Artificial neural networks are a family of models inspired by biological systems and can be considered as a type of artificial intelligence that attempts to imitate the way a human brain works. In contrast to deterministic models, in which all necessary computations are available by well-known modus operandi like mathematical, physical or other models, neural networks do not need such information since they have the capability to learn. They can learn relations in-between data, they can learn how to make optimal decisions and they can extract human knowledge from data. That learing is – although strongly simplified – similar to human learning. It works by creating and optimising artificial synaptic connections between the processing elements – the computer equivalent of biological neurons. Synapses are modified throughout a training phase by some sophisticated rules until the actual outpur of the network satisfies the demands. Once a network is trained it can be applied to data it never has seen before. The advantage of suchlike models is that – independent of the challenge – no formal description of the background mechanisms is necessary and solutions can be obtained anyway. The disadvantage on the other hand is that no information about such mechanisms is provided, neural networks are heuristic model builders and do not provide information on how a model is designed.
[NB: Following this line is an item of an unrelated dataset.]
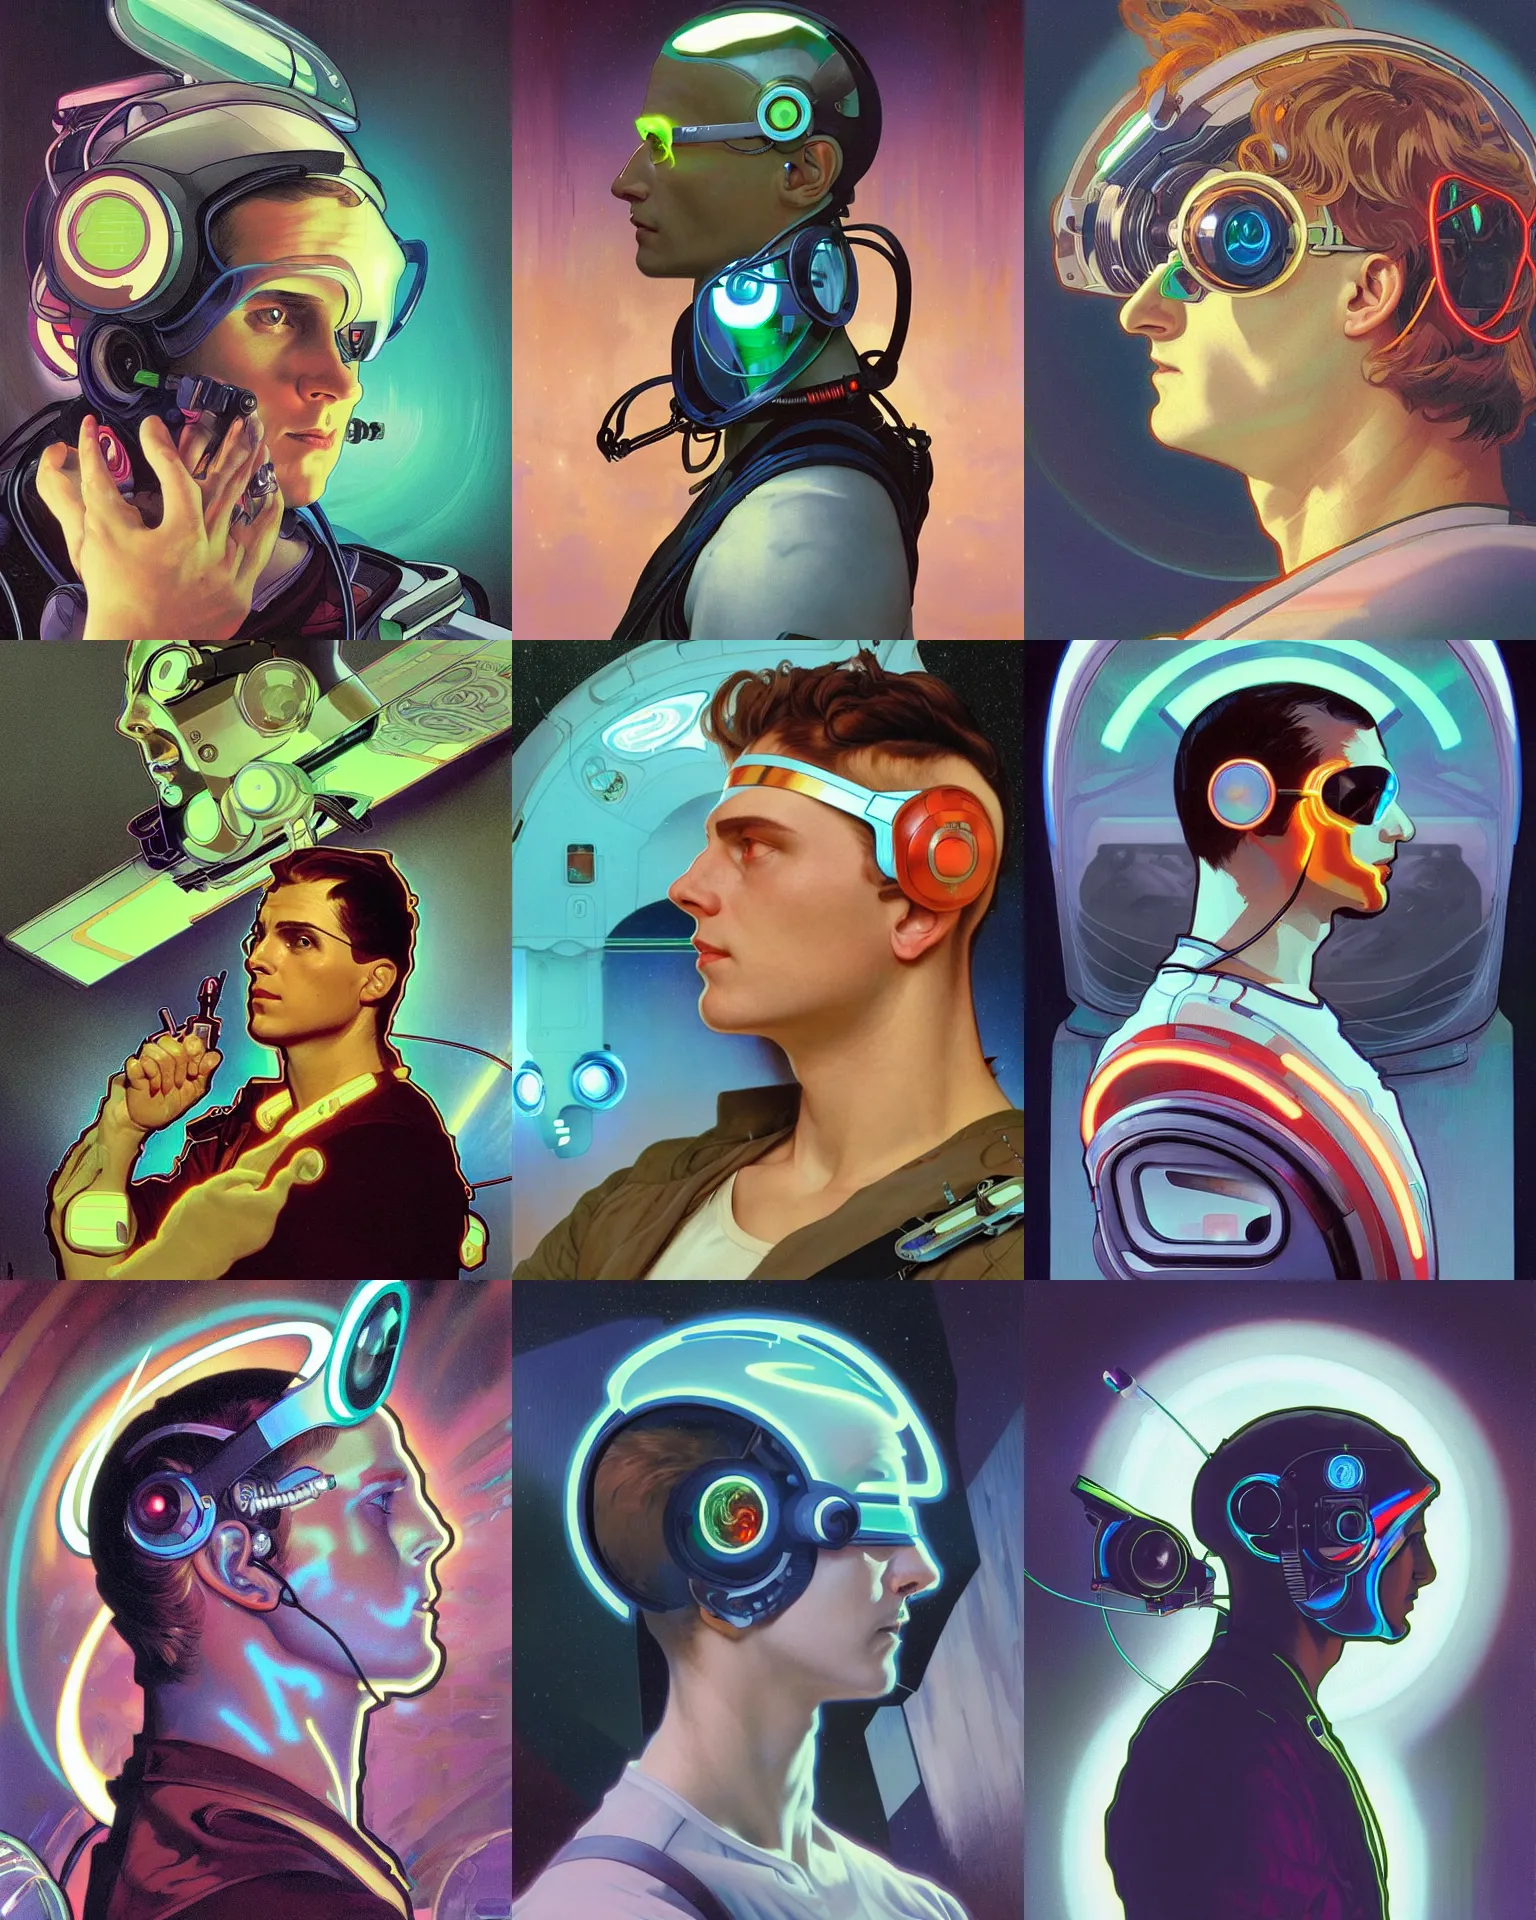 Prompt: side view future coder man, sleek cyclops display over eyes and glowing headset, neon accents, holographic colors, desaturated headshot portrait digital painting by alphonse mucha, donoto giancola, dean cornwall, rhads, john berkey, tom whalen, alex grey, astronaut cyberpunk electric lights profile

The purpose of this presentation is to provide an overview about the different types of neural networks and how they are successfully applied. Included are the training paradigms supervised and unsupervised learning, when and for which types of networks they are applied. Reinforcement learning will be shortly addressed. The talk will also compare feed forward to recurrent networks and which challenges – especially in the oil business – can be addressed with such tools. Since the training of neural networks is always targeted on good generalisation properties, some general rules are discussed for improving the chance that a network performs well on data it never has seen before. Several real world examples are presented.
Dr. Rudolf K. Fruhwirth is graduated Petroleum Engineer of the University of Leoben. At present he study wellbore heat transfer models at the Chair of Petroleum and Geothermal Energy Recovery. After finishing his PhD in 1986 he started as a geophysicist and run through several organisations during his professional career including the Austrian Academy of Science. He has gained more than 30 years of research experience in the fields of oil-, gas & groundwater exploration as well as in data analysis & computational intelligence. Rudolf is author of numerous papers and associate lecturer at the University of Leoben.